- The task:
The answer is to be the full listing, unchanged in every line.

- Data segment:
────────────────────────────────────────
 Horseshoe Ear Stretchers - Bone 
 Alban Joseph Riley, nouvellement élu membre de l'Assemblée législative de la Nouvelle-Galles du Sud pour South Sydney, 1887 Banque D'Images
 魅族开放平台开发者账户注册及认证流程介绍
────────────────────────────────────────
- Result for this task:
 Horseshoe Ear Stretchers - Bone 
 Alban Joseph Riley, nouvellement élu membre de l'Assemblée législative de la Nouvelle-Galles du Sud pour South Sydney, 1887 Banque D'Images
 魅族开放平台开发者账户注册及认证流程介绍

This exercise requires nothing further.